- _PROBLEM TO SOLVE_
Transcribe each record exactly; skip any picture.

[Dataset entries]
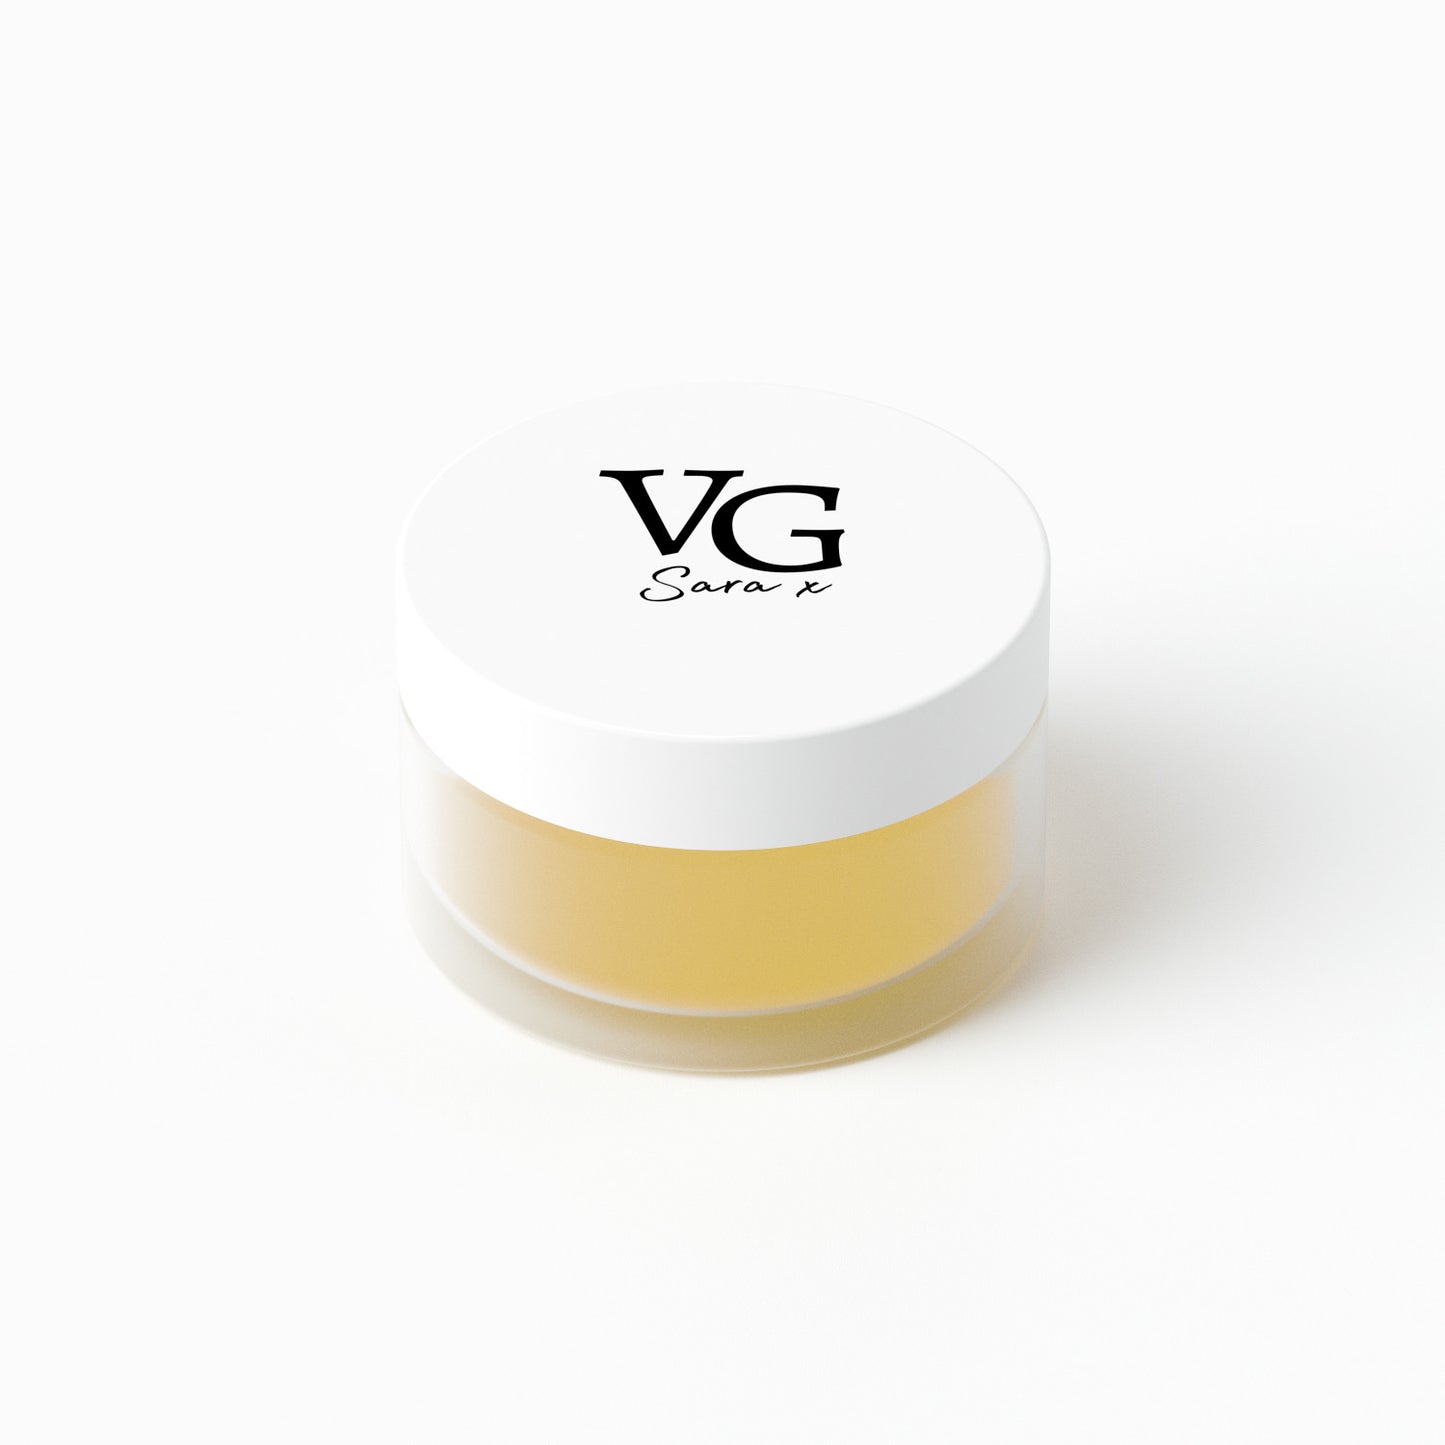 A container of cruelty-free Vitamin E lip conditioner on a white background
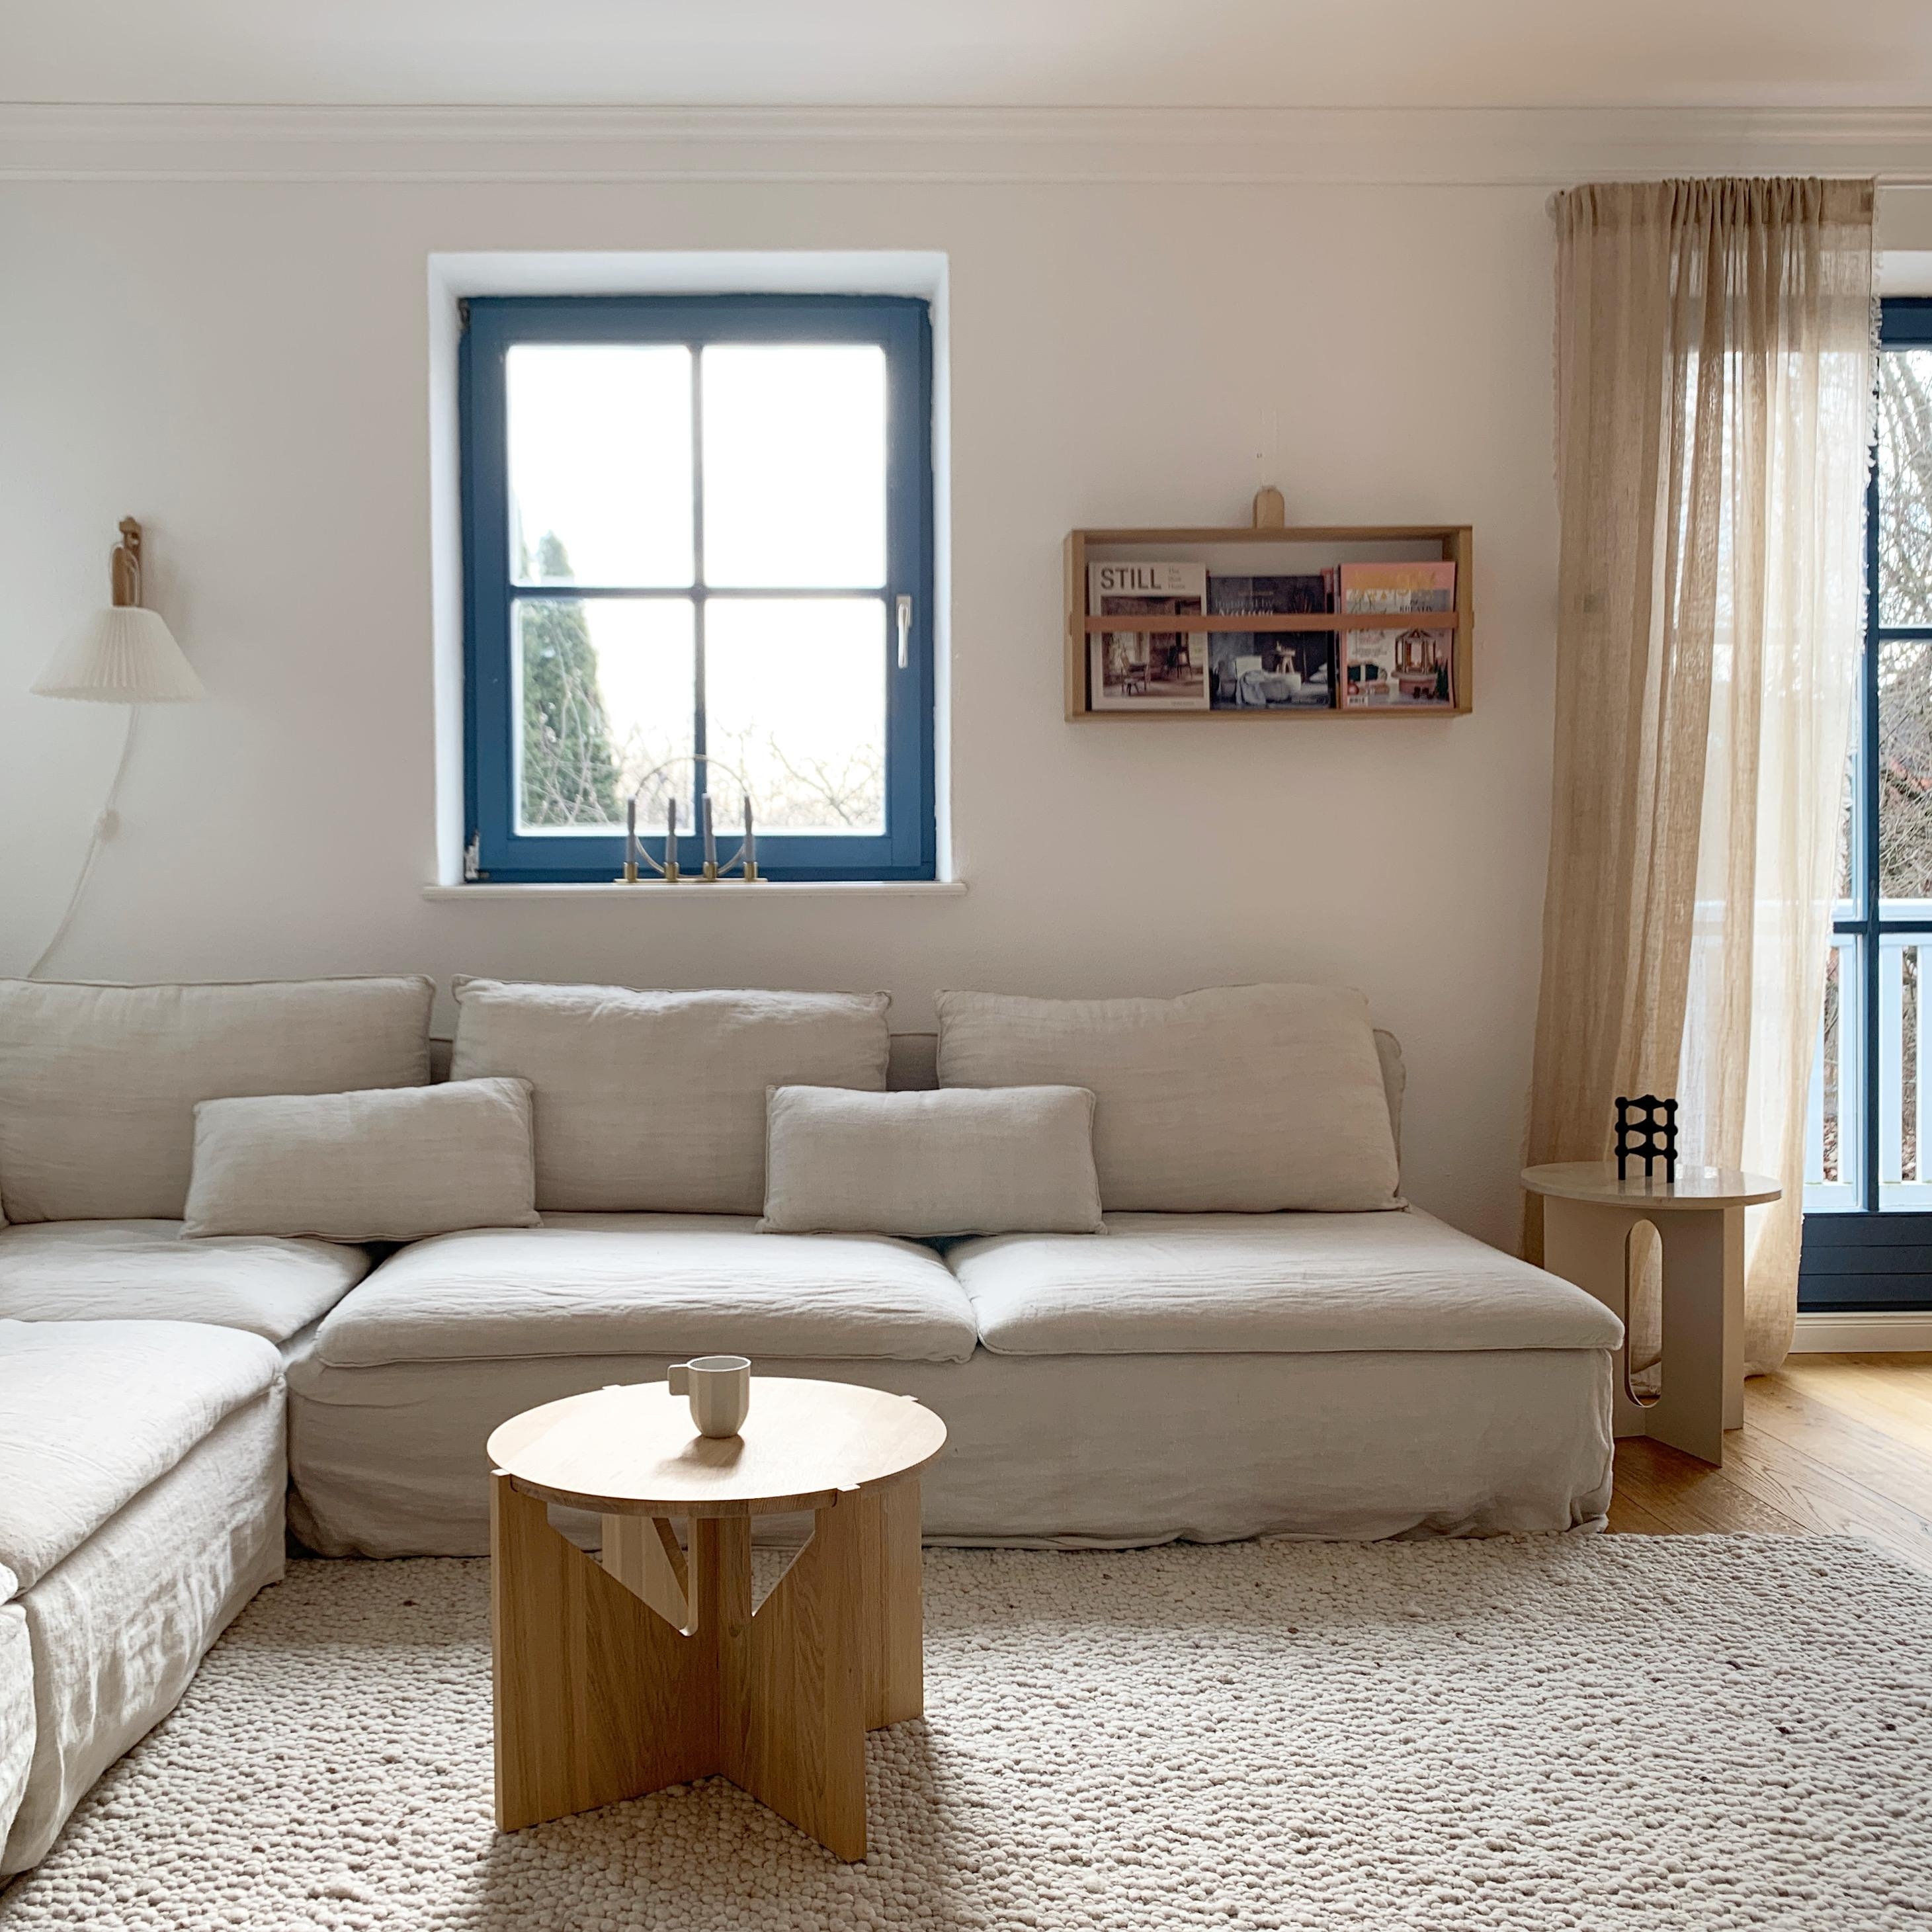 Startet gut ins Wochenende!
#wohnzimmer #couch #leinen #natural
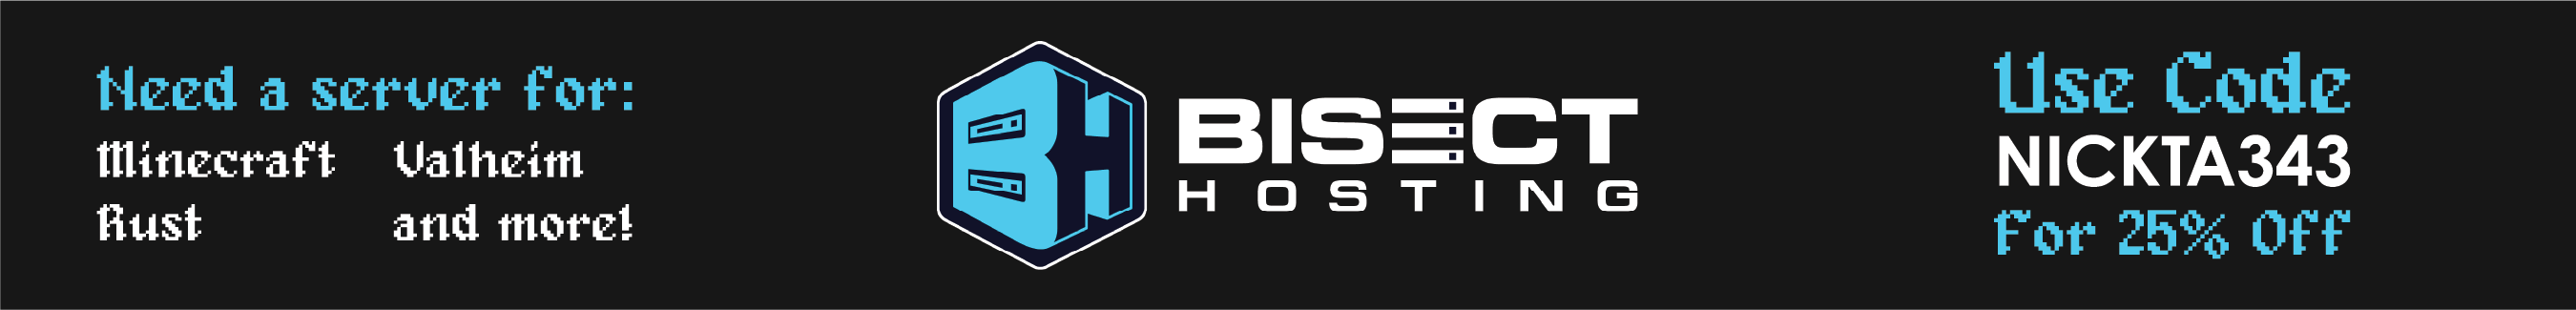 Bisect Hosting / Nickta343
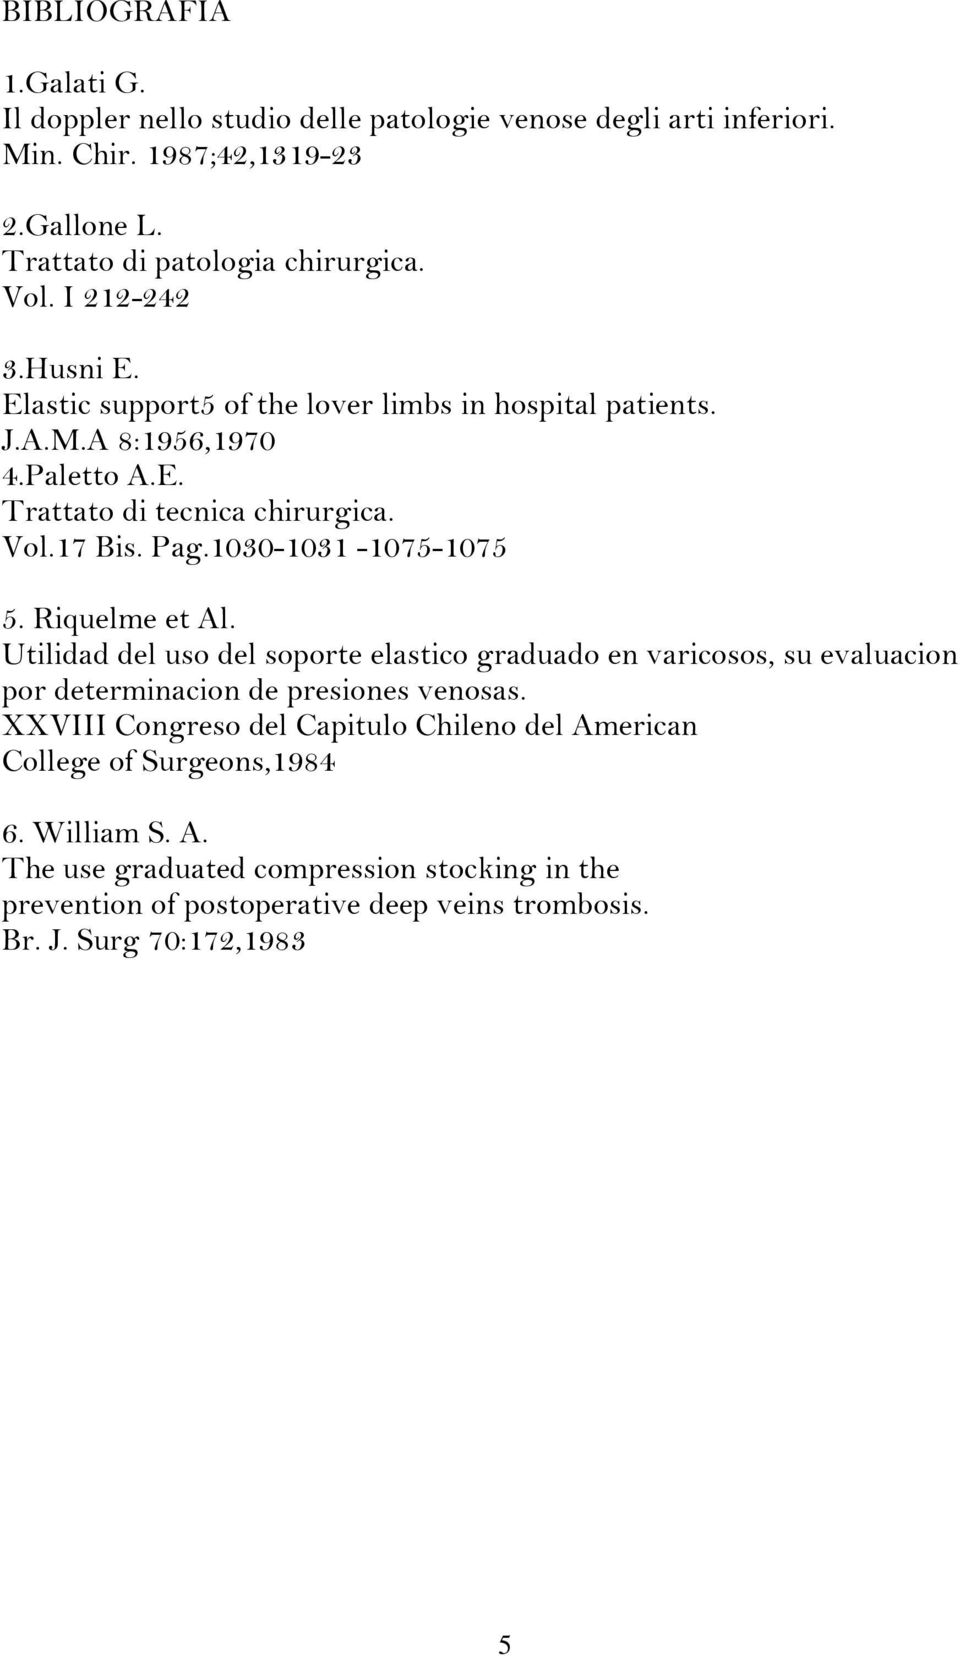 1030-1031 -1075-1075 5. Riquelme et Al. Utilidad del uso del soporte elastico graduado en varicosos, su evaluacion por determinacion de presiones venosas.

- _ANSWER BOX_
 A container of cruelty-free Vitamin E lip conditioner on a white background
 Startet gut ins Wochenende!
#wohnzimmer #couch #leinen #natural
 Bisect Hosting / Nickta343
 1030-1031 -1075-1075 5. Riquelme et Al. Utilidad del uso del soporte elastico graduado en varicosos, su evaluacion por determinacion de presiones venosas.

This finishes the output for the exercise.